The woman by the bed was so clear she could see every detail of her clothes, her hair, her skin, her eyes. For a moment they stood there, their eyes locked together and for the first time Diana knew that Claudia could see her as clearly as she could see Claudia.
‘Sweet Blessed Jesus!’ The words were out of her mouth before she knew she had spoken. ‘What do you want?
For a fraction of a moment longer they stared at each other, then Claudia was gone.

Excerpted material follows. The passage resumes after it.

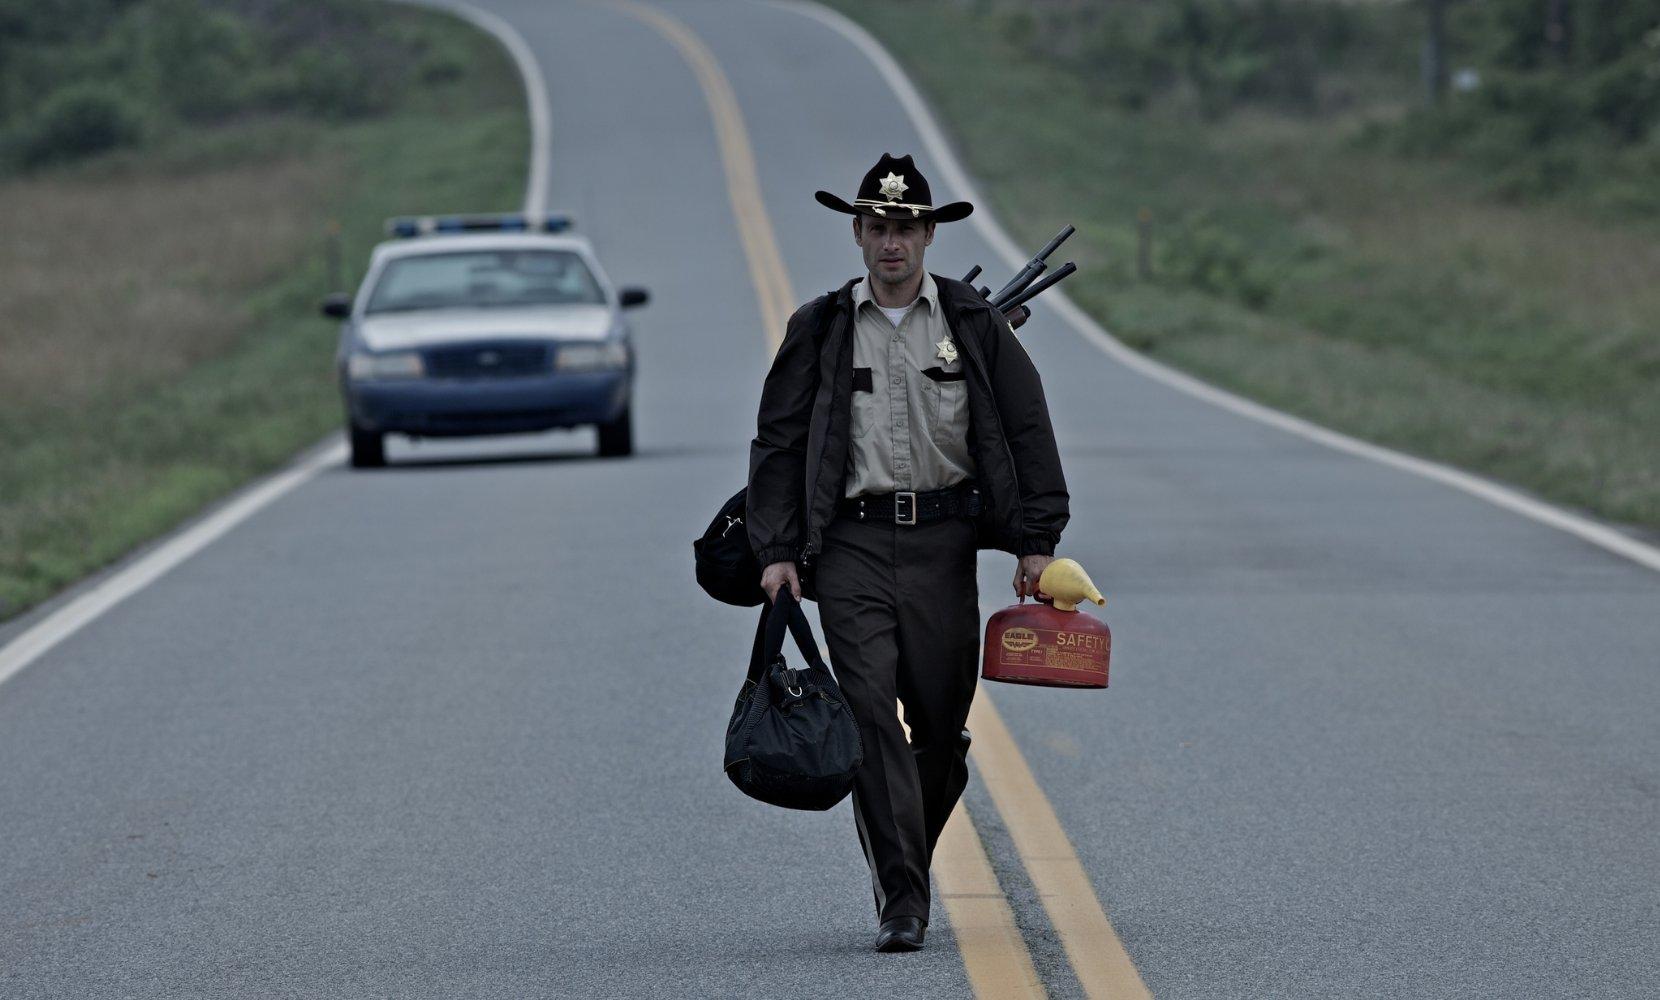 Sheriff Rick Grimes

‘Ma.’ Greg’s voice from the foot of the stairs was urgent. ‘Ma, come quickly.’
Diana whirled back to the door conscious with some part of her brain that the room smelled of a sweet, sickly perfume. ‘What is it? What’s wrong?’
‘He wants you.’ Greg hobbled ahead of her towards the study. Roger was lying propped up against the pillows and cushions. He was breathing with difficulty and his cheeks, which for so long had been colourless, had a livid, painful colour to them.